Стоит добавить также, что эта великолепная идея втемяшилась мне в голову после многочисленных плаваний по рекам со своими друзьями. Я подумал: «Какого черта мы каждый раз ломаем головы над плавсредствами? Клянчим у местных жителей лодки, покупаем их за приличные суммы с расчетом продать в конце поездки где-нибудь в низовьях реки и каждый раз просто дарим осоловелым от счастья мальчишкам. Кому нужны плоскодонные мыльницы с верховьев какой-нибудь Чусовой на широкой акватории Камы, где в ходу добротные килевые посудины? Пробовали брать напрокат надувные лодки, но на этих дутиках при слабом течении далеко не уедешь — барахтаешься на одном месте, как оса в киселе. На них только удить рыбу или сидеть с красивой девушкой, рвать кувшинки и говорить о любви».

Вначале я сотворил катер в голове, причем начал с общего впечатления от него; и даже не от силуэта, а от следа на воде, который он оставлял. «След на воде, — рассуждал я, — самое главное. В нем все дело. Если за кормой бурные водовороты, этакое нагроможденье волн — грош цена посудине, — ее обводы никуда не годятся, она рыскает, а следовательно, и нет ходкости. Уж не говоря о красоте движения. След на воде должен быть еле различимым, всего лишь легкое волнение, будто перевитая веревка, не больше. Именно по следу судят о качестве судна, так же как и о прыгуне в воду — по количеству брызг, которые оставляет его прыжок». За моим катером виднелось очень легкое волнение, некая косичка и ровная цепочка пузырьков.

Затем я принялся за эскизы катера, перебрал бессчетное количество вариантов и все их, для наглядного сравнения, развешивал на стенах. Разглядывая свою флотилию, я вносил в эскизы существенные поправки, а некоторые для большей выразительности разрисовывал речными пейзажами, тем самым приблизил наброски к сути жизни. Я распалил фантазию не на шутку. Эскизов становилось все больше; катеру уже стало тесно на реке и он рвался на морской простор; уже появились необитаемые острова, клады… В какой-то момент я подумал, что неплохо бы устроить выставку своих произведений, но вовремя вспомнил об изначальной цели, выбрал лучшую посудину и приступил к детальному проекту.
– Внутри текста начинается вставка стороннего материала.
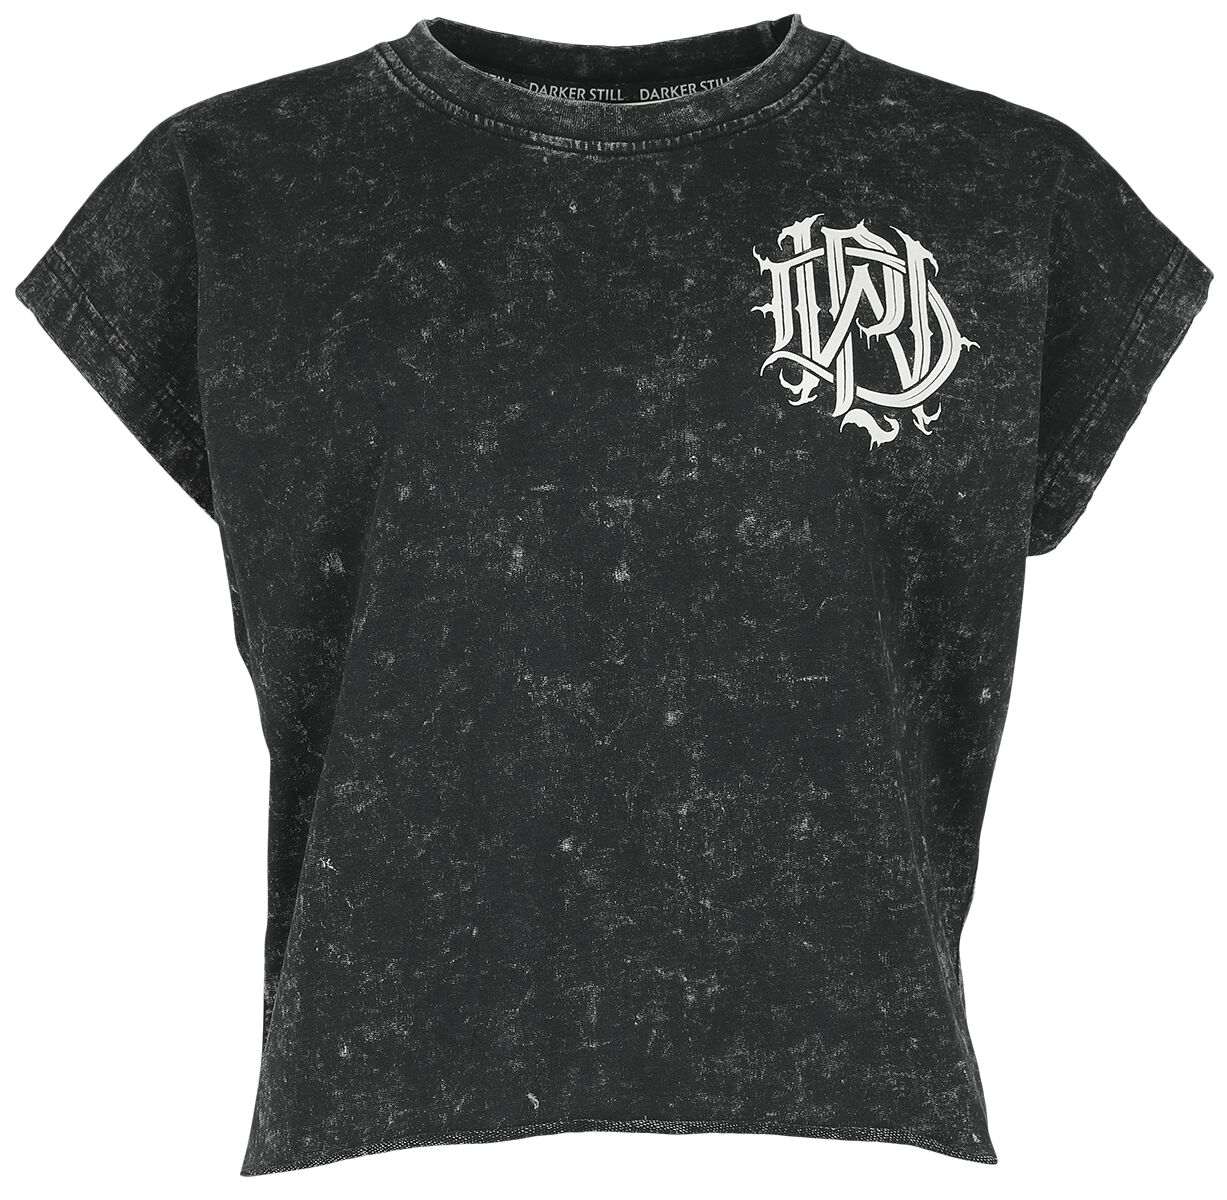 Image of T-Shirt di Parkway Drive - EMP Signature Collection - S a 3XL - Donna - grigio scuro

Я загорелся проектом по-настоящему: думал о катере даже во сне, и если ночью приходила на ум ценная находка, не ленился, вскакивал и зарисовывал. Несколько недель я ходил в библиотеку, листал подшивки журнала «Катера и яхты», делал наброски в метро, в трамвае; дома вымерял размеры тахты для лежачих мест в каюте (я решил построить вместительное судно для дальних путешествий). В конце концов я спроектировал отличное инженерное сооружение — катер пятиметровой длины, с каютой и кокпитом.

Сейчас все помешались на скорости и острых ощущениях; в наш суетливый век люди так и стремятся обогнать друг друга. И конечно, все современные катера выходят на глиссирование, чтобы таскать воднолыжников. А мне эта скорость — ни к чему. По опыту знаю: тише едешь, больше замечаешь. Потому и спроектировал крепкую комфортабельную посудину с основными мореходными качествами — остойчивостью и непотопляемостью.

Вычертив в натуральную величину (на склеенных листах бумаги) рабочие чертежи шпангоутов, я купил всевозможный инструмент и поехал на стройбазы за материалом. Я не настраивался на изобилие пиломатериалов, но был уверен, что уж фанеру и бруски куплю наверняка. Кто бы мог подумать, что я увижу пустые прилавки и стенды. Совершенно пустые. На базах царила мертвая пустота. Мне объяснили, что сосновые бруски завозятся крайне редко, а на фанеру запись на полгода вперед; что гвозди бывают, но невероятных размеров, а шурупы не бывают вообще. Не скрою, это сообщение повергло меня в уныние. Заметив мой кислый вид, один продавец посоветовал подъехать к мебельному магазину, сказал:

— Там гарнитуры обивают рейками, их тебе навалят, сколько упрешь!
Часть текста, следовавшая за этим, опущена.